Le due isole col passare del tempo si congiunsero alla riva destra del fiume; il periodo in cui ciò avvenne non è certo, secondo il Romani, sarebbe avvenuto nel XV secolo. I terreni delle isole vennero poi in gran parte livellati, ossia concessi in affitto, nel 1474 alla popolazione dei Mezzani[1]. Dal medioevo a oggi il corso del Po si è spostato di diversi chilometri verso nord erodendo la sponda lombarda e formando nuove terre in corrispondenza della riva emiliana. Si può comprendere l'entità di questo mutamento osservando l'attuale distanza dal fiume dai paesi parmensi con toponimo denotante la fondazione alla confluenza di un torrente nel Po: Coltaro (Caput Tari), Colorno (Caput Lurni), Copermio (Caput Parmae) e Coenzo (Caput Entiae)[3].
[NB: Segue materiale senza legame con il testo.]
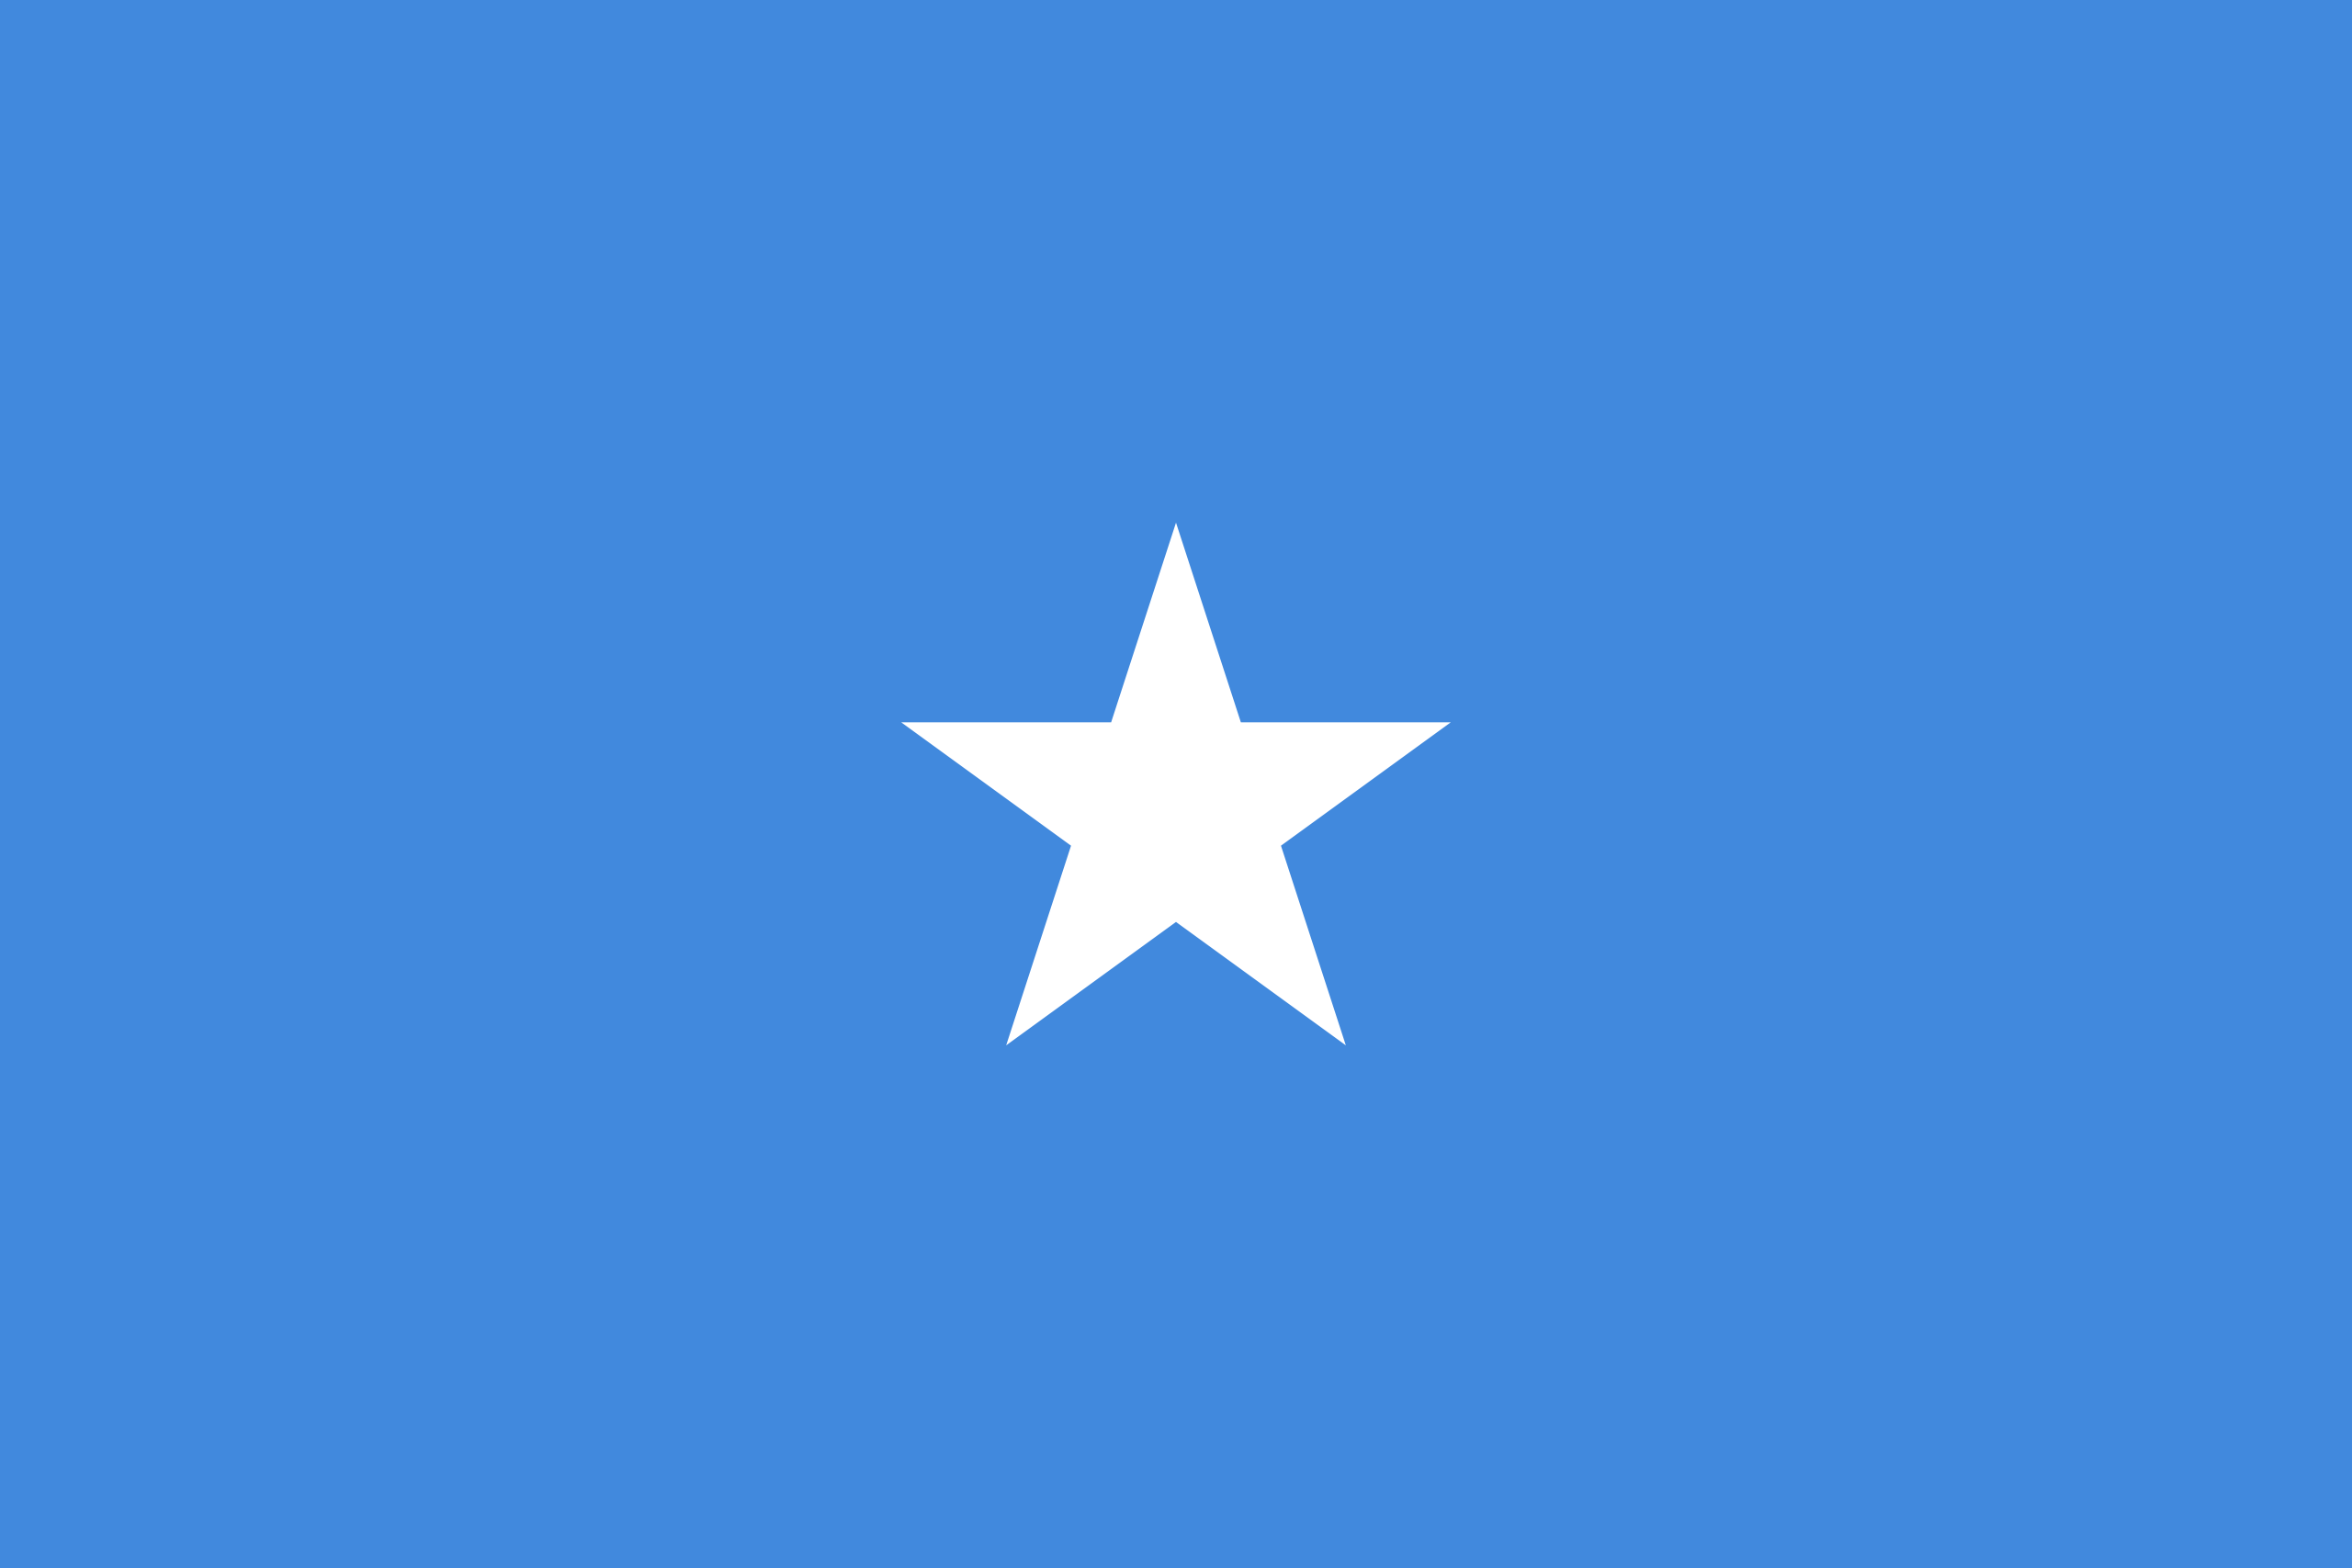 somalia, país, emblema, insignia, символ - Обои HD - Профессор falken.com

Dal XIV al XVI secolo: lo sviluppo e l’organizzazione del feudo
Per favorire il popolamento del nuovo territorio di sua proprietà, il Vescovo diede in enfiteusi i terreni dei Mezzani alle famiglie di contadini che si fossero impegnate a coltivarli. L'enfiteusi è un contratto di lunga durata che prevede canoni ridotti in cambio del miglioramento delle terre date in concessione, nel medioevo era tipicamente applicato per i terreni marginali appena conquistati alla coltura e di cui si volesse favorire il popolamento[4]. Uno dei primi contratti di locazione di queste terre di cui si abbia notizia, risale al 25 novembre del 1297, ad opera dell'allora vescovo Giovanni da Castell'Arquato[5]. Le prime dimore furono edificate sui terreni più elevati delle ex isole nei pressi dell'attuale strada provinciale e da qui progressivamente vennero dissodate le terre circostanti. Come in altri centri lungo le rive del Po i due Mezzani presentano una caratteristica conformazione allungata; le abitazioni si snodano lungo una strada sinuosa che ricalca le antiche anse del fiume. Questa particolarità si evidenzia ancor di più quando il popolamento fu operato da un latifondista tramite la pratica dell'enfiteusi. Un altro caso simile a pochi chilometri di distanza è rappresentato dall'insediamento di Sanguigna dove il proprietario terriero era il monastero di San Giovanni[4]. Mezzano Superiore come anche il vicino Mezzano Rondani in realtà non si sviluppò solo come centro agricolo ma anche come punto strategico per il controllo della confluenza della Parma in Po e per il commercio fluviale col cremonese. La crescita di importanza dei due Mezzani per gli scambi con la sponda lombarda del Po sono legati al blocco del porto di Copermio operato da Matilde di Canossa durante le lotte per le investiture e ai conflitti che interessarono l’area di Colorno tra il XI e il XIII secolo[6].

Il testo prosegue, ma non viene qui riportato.